Using SAX (Java) to parse multiple XML messages from a single TCP-stream

January 12, 2018

I’m in a position where I use Java to connect to a TCP port and am streamed XML documents one after another, each delimited with the <?xml start of document tag. An example which demonstrates the format:

<?xml version="1.0"?>
    <name>Fred Bloggs</name>
<?xml version="1.0"?>
    <name>Peter Jones</name>

I’m using the org.xml.sax.* api. The SAX parsing works perfectly for the first document but throws an exception when it comes across the start of the second document:

Exception in thread "main" org.xml.sax.SAXParseException: The processing instruction 
target matching "[xX][mM][lL]" is not allowed.

The following skeleton class demonstrates the setup I’m using:

import org.xml.sax.InputSource;
import org.xml.sax.XMLReader;
import org.xml.sax.helpers.DefaultHandler;
import org.xml.sax.helpers.XMLReaderFactory;


public class XMLTest extends DefaultHandler {

  public XMLTest() {

  public static void main(String[] args) throws Exception {
    XMLReader xr = XMLReaderFactory.createXMLReader();

    XMLTest handler = new XMLTest();

    xr.parse(new InputSource(new Socket("", 4555).getInputStream()));

I have no control over the format of the xml (it’s a financial data feed), but I need to be able to parse it efficiently, and parse all the documents. I’ve spent the afternoon/evening trying different things but none have yielded results. Any help would be greatly appreciated.

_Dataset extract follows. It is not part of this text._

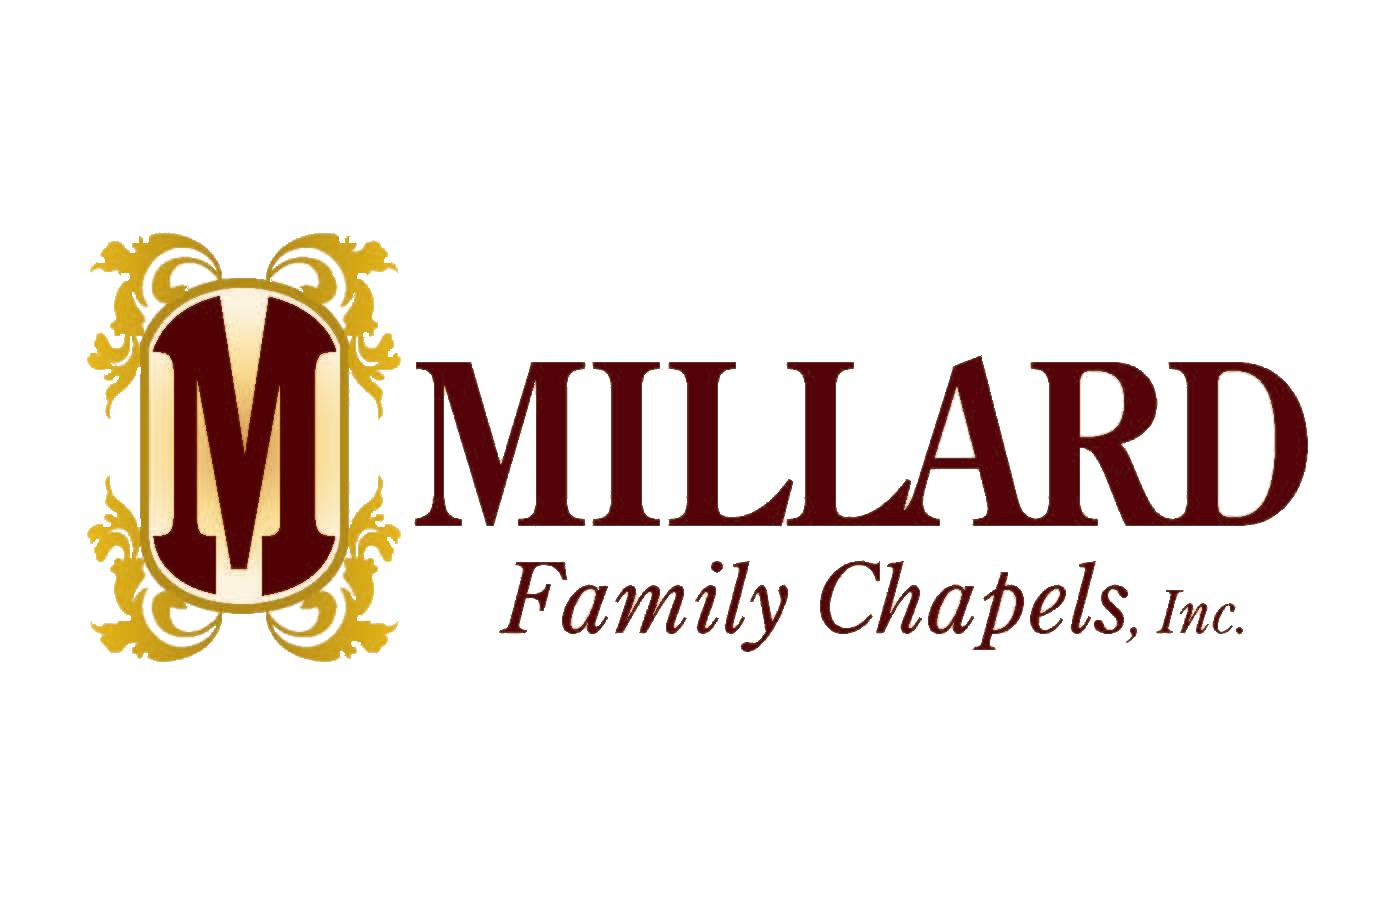 Millard-Rekus Family Funeral Chapel

You’d like to split the stream on every <?xml version="1.0"?> and parse them all separately. The BufferedReader may be helpful in this. Kickoff example:

reader = new BufferedReader(new InputStreamReader(input, "UTF-8"));
StringBuilder builder = null;
for (String line; (line = reader.readLine()) != null;) {
    if (line.startsWith("<?xml")) {
        if (builder != null) {
            xr.parse(new InputSource(builder.toString()));
        builder = new StringBuilder();